- TASK TO CARRY OUT -
Nothing but the lines from the one containing "Birkenstock Arizona - Slipper" through the one containing "A Domestic rabbit", both included, should be given again, each exactly as written below.

[[ DATA EXTRACT open ]]

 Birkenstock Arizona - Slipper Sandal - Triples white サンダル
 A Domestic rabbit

[[ DATA EXTRACT closed ]]
[[ DATA EXTRACT open ]]

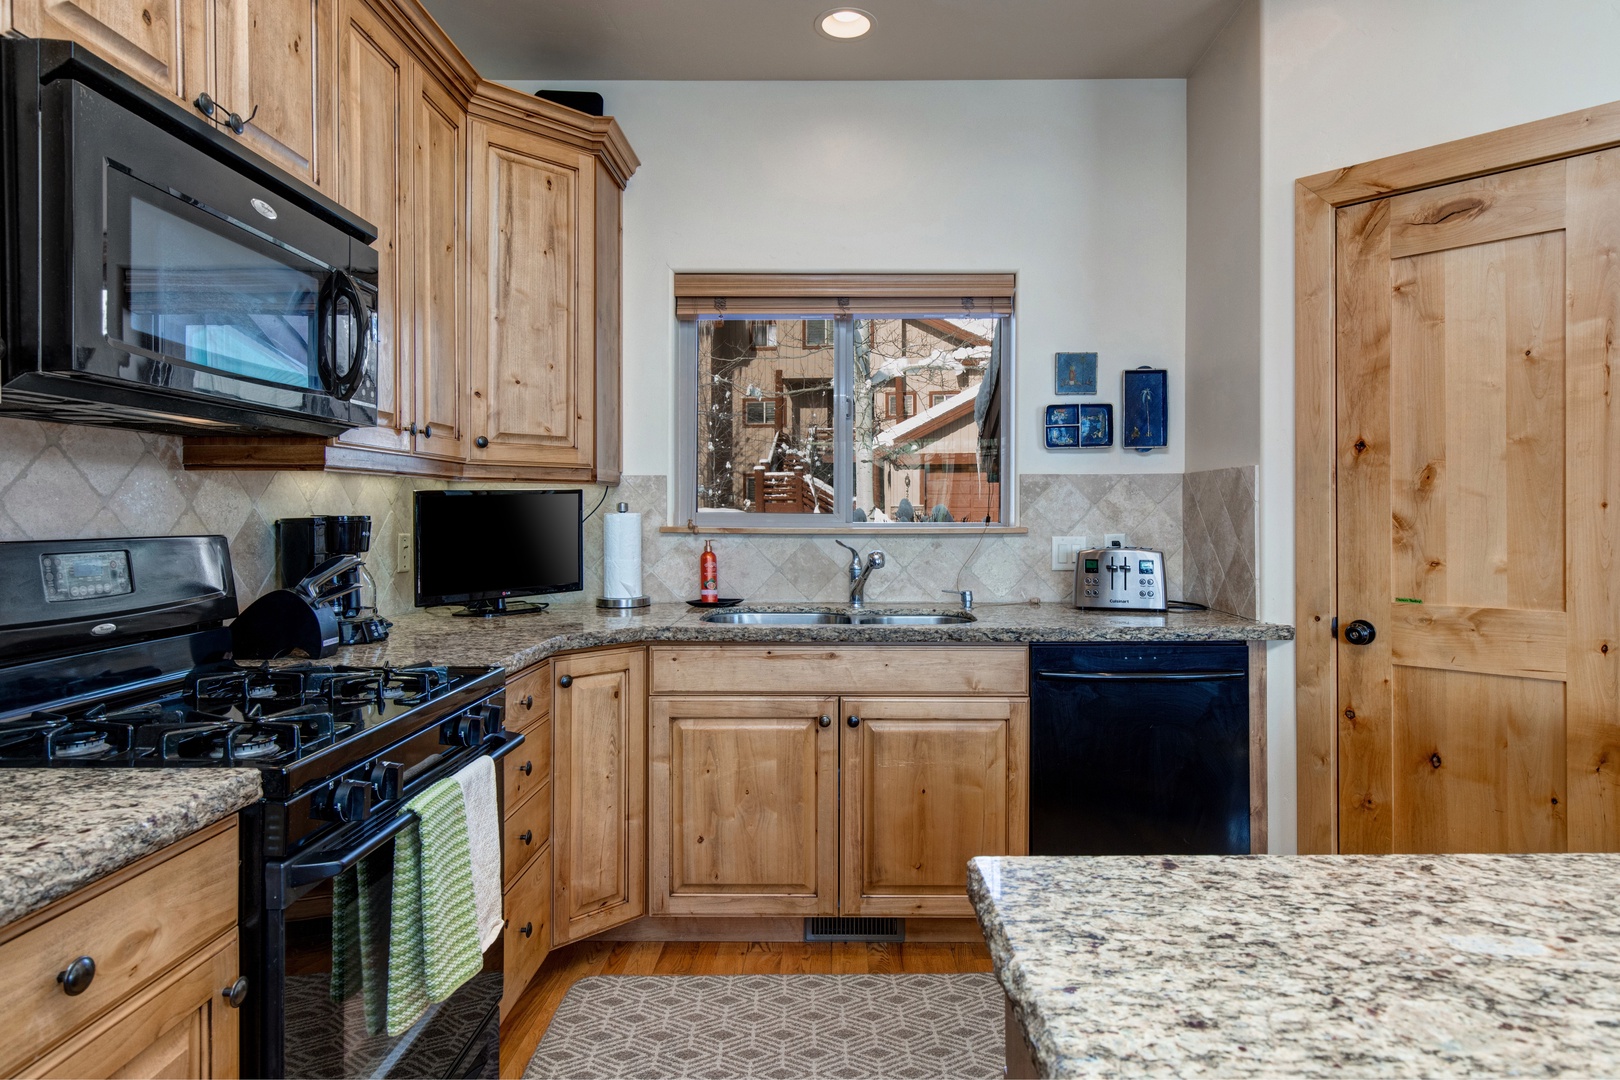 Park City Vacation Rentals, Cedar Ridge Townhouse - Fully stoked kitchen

[[ DATA EXTRACT closed ]]
[[ DATA EXTRACT open ]]

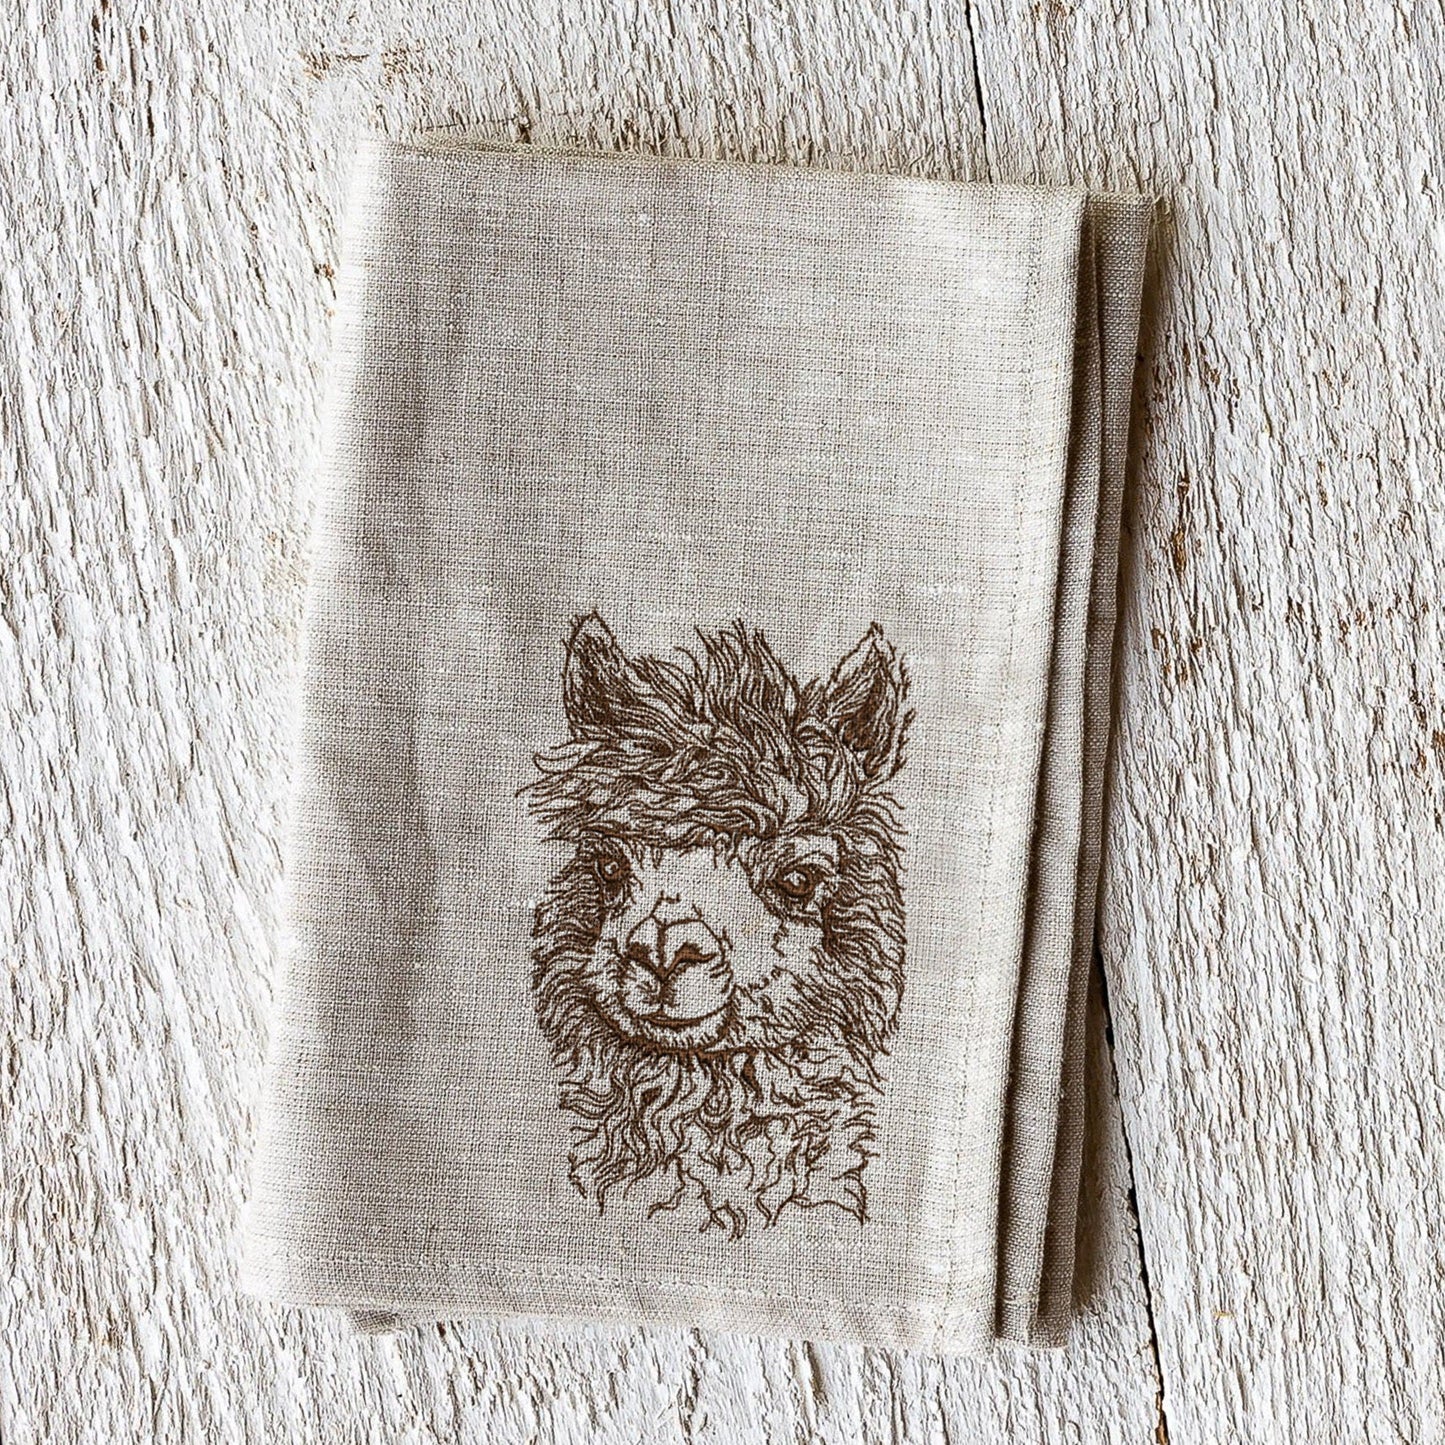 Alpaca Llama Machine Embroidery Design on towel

[[ DATA EXTRACT closed ]]

- OUTPUT BELOW -
 Birkenstock Arizona - Slipper Sandal - Triples white サンダル
 A Domestic rabbit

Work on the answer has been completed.